Creating precise, high-quality images often involves endless trial and error. You need a model that actually understands what you’re asking for.
Built on the Gemini 3 family of models, Nano Banana models apply deep reasoning capabilities to fully understand your prompt before generating an image. So we spent weeks testing Nano Banana 2 and Nano Banana Pro against every use case we could imagine to test its limits.
We put together this guide to share exactly what we learned and how you can get the best results.
What you’ll learn in this guide:
-
Model overview
-
Full breakdown of tech specs
-
Best practices for effective prompting
-
Prompting frameworks
-
How Nano Banana works with other creative models, Veo and Lyria.
Model overview
Nano Banana models are advanced image generation and editing models that use real-world knowledge and deep reasoning capabilities to deliver precise, rich visual results. Most recently, we announced Nano Banana 2, which shines in three ways:
-
More accurate visuals: Nano Banana 2 is powered by real-time information and images from web search. This means better educational tools, localized marketing, travel apps, and more.
-
Fast, Pro-level features: We’ve unlocked premium features – from text rendering and translations, to upscaling to 2K/4K. Now, your creative teams can build cohesive narratives, storyboards, and product mockups.
-
Precision control: Generate or edit images to fit any project requirement, with native support for 16:9, 9:16, 2:1, and more. Expect vibrant lighting and richer textures, whether you’re generating posters, marketing mockups, or ads.

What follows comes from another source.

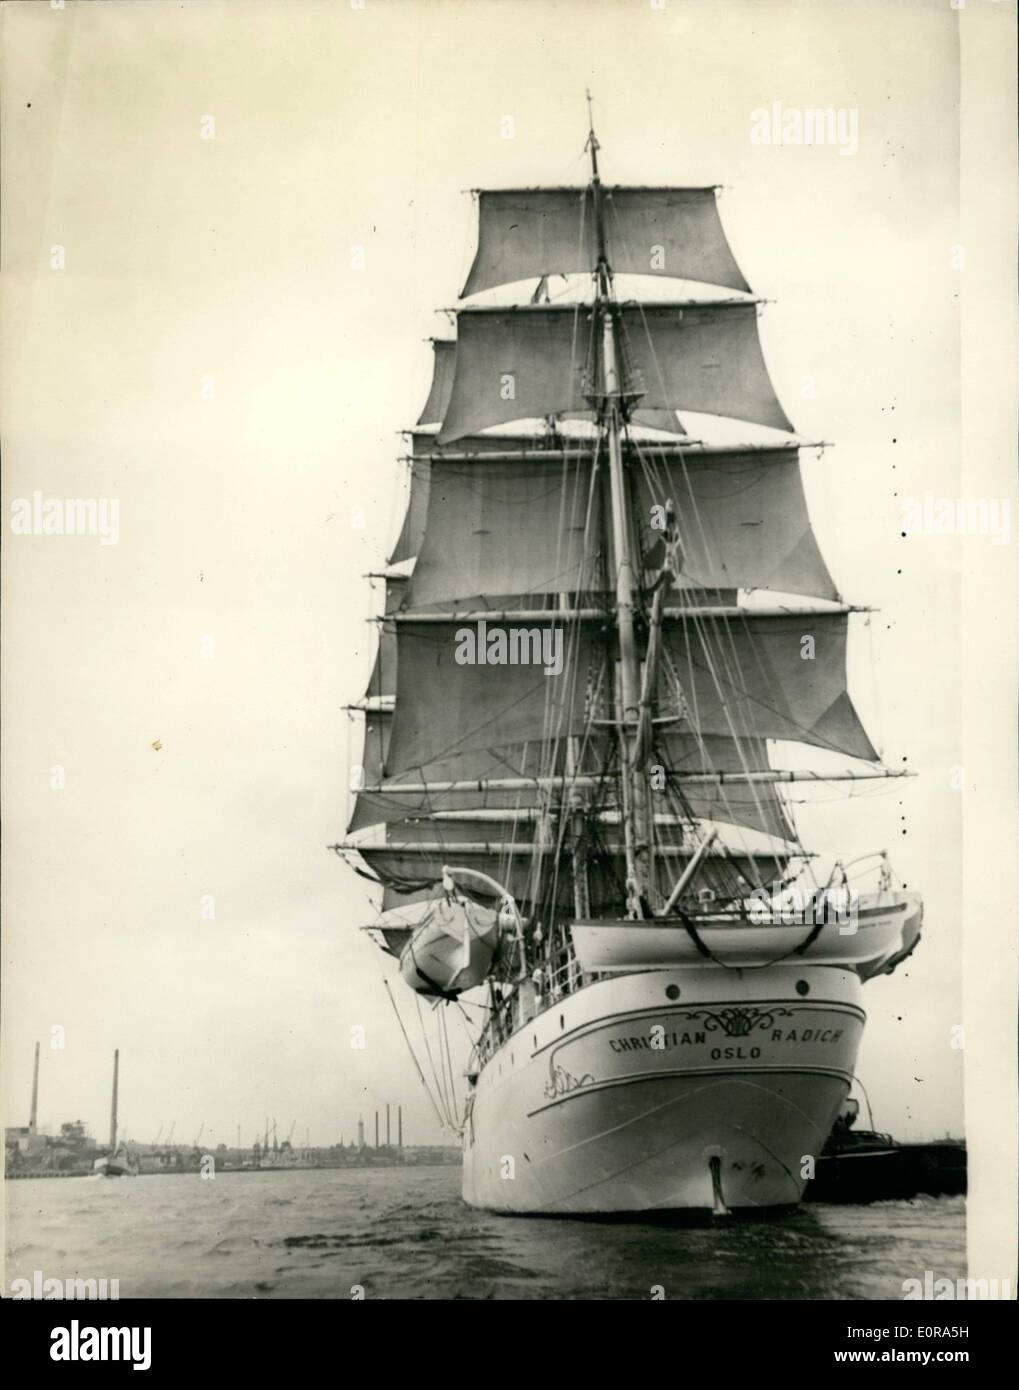 Sep. 09, 1958 - The ''Christian Radich'' visits London.:The three-masted square rigged Norwegian sailing ship ''Christian Radich'', which is one of the stars of the Cinemiracle film ''Windjammer'', now being shown in London at the Odeon Cinemiracle Theatre, sailed up the Thames today from Gravesend, to berth at the West India Docks, for four days, during which time Londoners will be allowed aboard.The Ship is manned by 74 cadets with Captain Kjell in command. Photo shows view of the Christian Radich, as she left Gravesend, where she arrived last night, on her way to London today. Stock Photo

Breakdown of tech specs for Nano Banana 2 and Nano Banana Pro
Before diving into prompting, here is a breakdown of what the models can handle via the API and Vertex AI (for latest details, always check the official Gemini 3 Pro Image and Gemini 3.1 Flash Image documentation):
-
Context windows: Gemini 3.1 Flash Image (Nano Banana 2) supports a maximum of 131,072 input tokens , while Gemini 3 Pro Image (Nano Banana Pro) supports a maximum of 65,536 input tokens. Both models support a maximum of 32,768 output tokens.
-
Resolutions: Built-in generation capabilities for 1K, 2K, and 4K visuals. Gemini 3.1 Flash Image adds the smaller 512px (0.5K) resolution.
-
Aspect ratios: Both models support 1:1, 3:2, 2:3, 3:4, 4:3, 4:5, 5:4, 9:16, 16:9, and 21:9. Gemini 3.1 Flash Image Preview also adds 1:4, 4:1, 1:8, and 8:1 aspect ratios.
-
Image inputs: You can mix up to 14 reference object images in a single prompt. Supported MIME types include image/png, image/jpeg, image/webp, image/heic, and image/heif.
-
Document inputs: You can input text and pdf files. The maximum file size per file is 50 MB for API and Cloud Storage imports, or 7 MB for direct uploads through the Google Cloud console.
-
Outputs: Both models output text and images.
-
Model knowledge base: Both models have a knowledge cutoff date of January 2025.
-
Live data: Both models are powered by real-time information from web search
-
Trust & safety: All generated images include C2PA Content Credentials and a SynthID watermark.
To see top features examples, check out this blog.
Best practices for effective prompting
When it comes to effective prompting, there’s a few ways to ensure the visual you get is the visual you asked for. Here are some guidelines:
-
Be specific: Provide concrete details on subject, lighting, and composition.
-
Use positive framing: Describe what you want, not what you don’t want (e.g. “empty street” instead of “no cars”).
-
Control the camera: Use photographic and cinematic terms like “low angle” and “aerial view”.
-
Iterate: Refine images with follow-up prompts in a conversational manner.
The key is to start a prompt with a strong verb that tells the model the primary operation you want to perform.
Five prompting frameworks
1. Image generation
When generating an image, your prompt structure depends entirely on whether you are using reference images or relying solely on text.
Text-to-image generation without references
When starting with a blank canvas, you are the director. A simple list of keywords won’t cut it; you need to describe the scene narratively.
Formula: [Subject] + [Action] + [Location/context] + [Composition] + [Style]
Example prompt: [Subject] A striking fashion model wearing a tailored brown dress, sleek boots, and holding a structured handbag. [Action] Posing with a confident, statuesque stance, slightly turned. [Location/context] A seamless, deep cherry red studio backdrop. [Composition] Medium-full shot, center-framed. [Style] Fashion magazine style editorial, shot on medium-format analog film, pronounced grain, high saturation, cinematic lighting effect.